• Caveat Creditor: Courts Split Regarding Abrogation of Absolute Priority Rule for Individual Chapter 11 Debtors
  • June 14, 2013 | Authors: Scott St. Amand; J. Ellsworth Summers
  • Law Firm: Rogers Towers, P.A. - Jacksonville Office
  • Although the 2005 BAPCPA amendments appeared to be a boon for creditors, at least with respect to Chapter 7 claims, individual Chapter 11 debtors immediately seized upon a perceived ambiguity in Congress’ language with regards to cramdown, which may ultimately prove costly for creditors.

    Generally, a plan of reorganization can be confirmed in one of two ways. If § 1129(a) is satisfied, a plan can be confirmed with the consent of each class of creditor. If the debtor does not have the consent of each class of creditor but satisfies the remainder of the paragraphs of § 1129(a), then the bankruptcy court may still confirm the plan, as long as the plan is, among other things, “fair and equitable.” This latter nonconsensual method is commonly referred to as “cramdown.”

    When a plan is crammed down, it is “fair and equitable” so long as it satisfies the Absolute Priority Rule of § 1129(b)(2)(B)(ii) (the “APR”). In other words, a reorganization plan that does not pay an unsecured creditor in full is nevertheless “fair and equitable,” and can be confirmed over the unsecured creditor’s objections, so long as an individual debtor does not retain property - except such property included in the bankruptcy estate under § 1115. This italicized exception, added in 2005 as part of the BAPCPA amendments, has caused a distinct split in courts throughout the country.

    Courts interpreting this new language disagree about the meaning of the phrase “property included in the estate under § 1115,” and thus also disagree as to the extent to which the APR applies to individual debtors after the amendment. A broad interpretation of the amendment would allow an individual debtor’s reorganization plan to be confirmed, while the debtor retains all property and wages acquired both pre-petition and post-petition, even if that plan does not pay an unsecured creditor in full, thus abrogating the APR. A narrow interpretation, on the other hand, would allow the individual debtor to keep only property and wages acquired post-petition.

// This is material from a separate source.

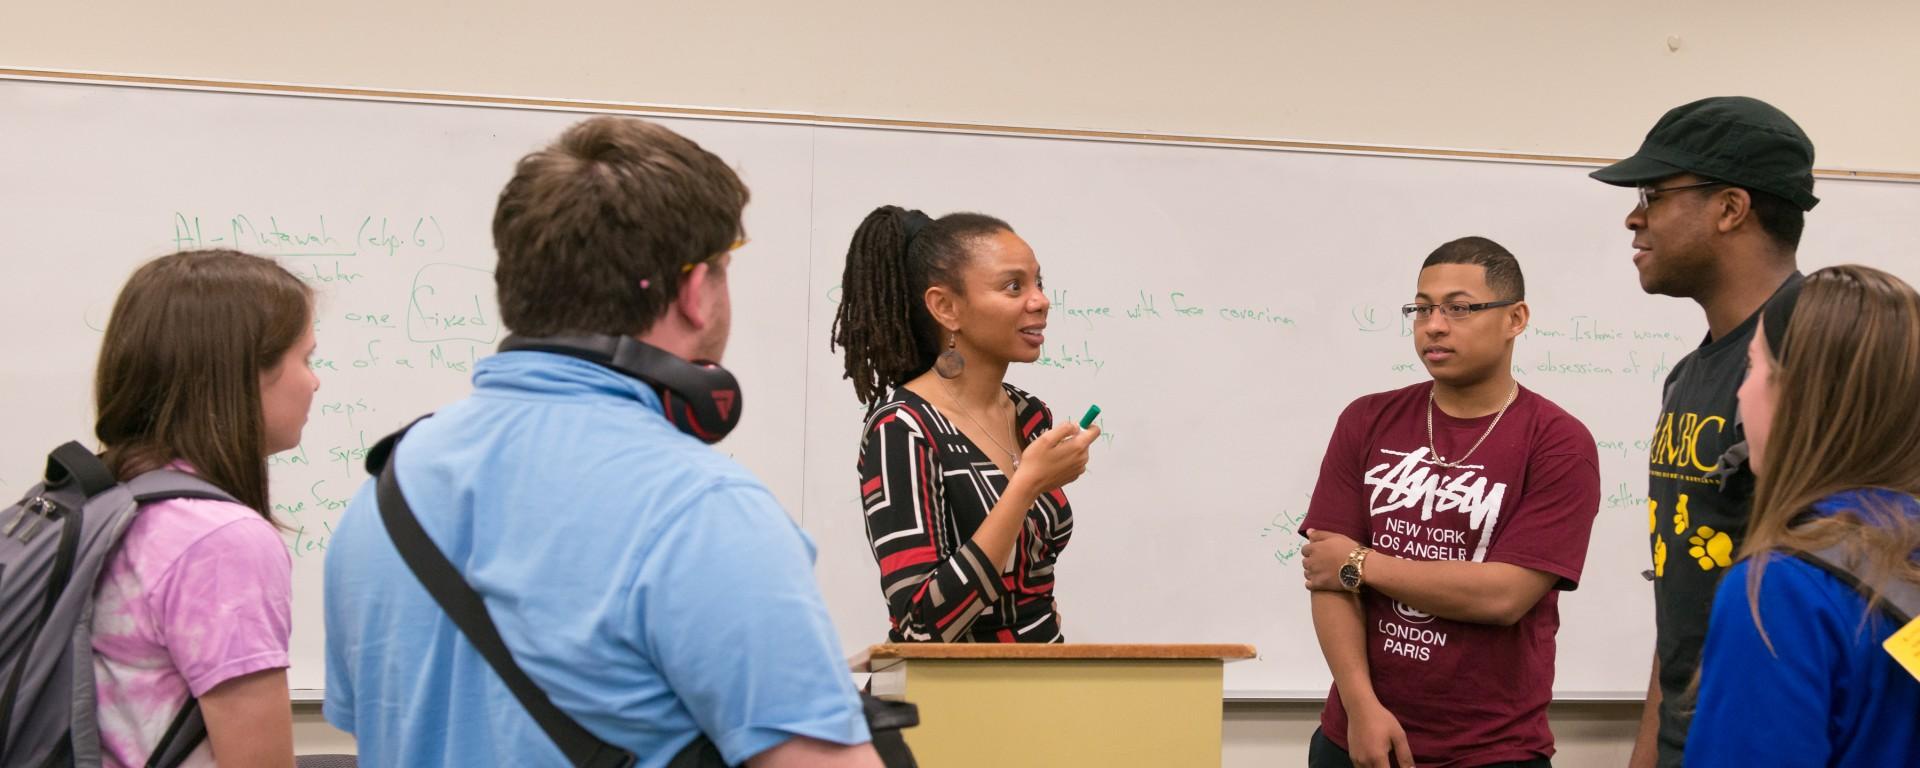 Kimberly Moffitt teaching

    A recent case out of the Tenth Circuit surveyed relevant post-BAPCPA decisions and found that only one circuit court (the Ninth) and five bankruptcy courts have adopted the broad interpretation. In contrast, the Fourth and Tenth Circuits and seventeen bankruptcy courts have reached the opposite conclusion, holding that the BAPCPA amendments only exempt from the APR that property which § 1115 adds to an individual estate - not the pre-petition property already defined by § 541.

    Even within individual districts, courts are split. In the 2010 case of In re Gellin, Chief Judge Karen Jennemann of the Middle District of Florida held that “the narrow reading of § 1115 is the best, most likely interpretation of Congress’ intent,” in part because if Congress meant to eliminate the APR for individual debtors, it “could have simply stated that the [APR] is inapplicable when the debtor is an individual.” The appropriate reading, in Chief Judge Jennemann’s opinion, is that such property “included in the estate under § 1115” means only post-petition property added to the estate under § 1115.”

    Conversely, Judge Susan Bucklew of the Middle District of Florida held that the broad reading of § 1115 was appropriate because the statutory language of the amendment is clear and unambiguous. Thus, property of the estate, “for purposes of § 1115, includes property acquired and earnings earned after the debtor files his or her Chapter 11 petition, in addition to property specified in § 541,” which includes property that the debtor owns an interest in at the time of the commencement of the bankruptcy case. The effect of this broad interpretation is that the APR would no longer apply to any property of an individual debtor. Thus, in Judge Bucklew’s opinion, BAPCPA abrogated the APR with respect to individual Chapter 11 debtors.

    Although Judge Bucklew’s holding is certainly not without merit, at least nineteen separate courts have found the language in question to be ambiguous. Nevertheless, creditors and their counsel must be aware that individual Chapter 11 creditors will likely argue in favor of a broad interpretation, because it eliminates the most significant hurdle in the way of confirmation - the APR. If, in fact, the APR was abrogated with respect to individual Chapter 11 debtors, the result would be potentially devastating to unsecured creditors even in the short term.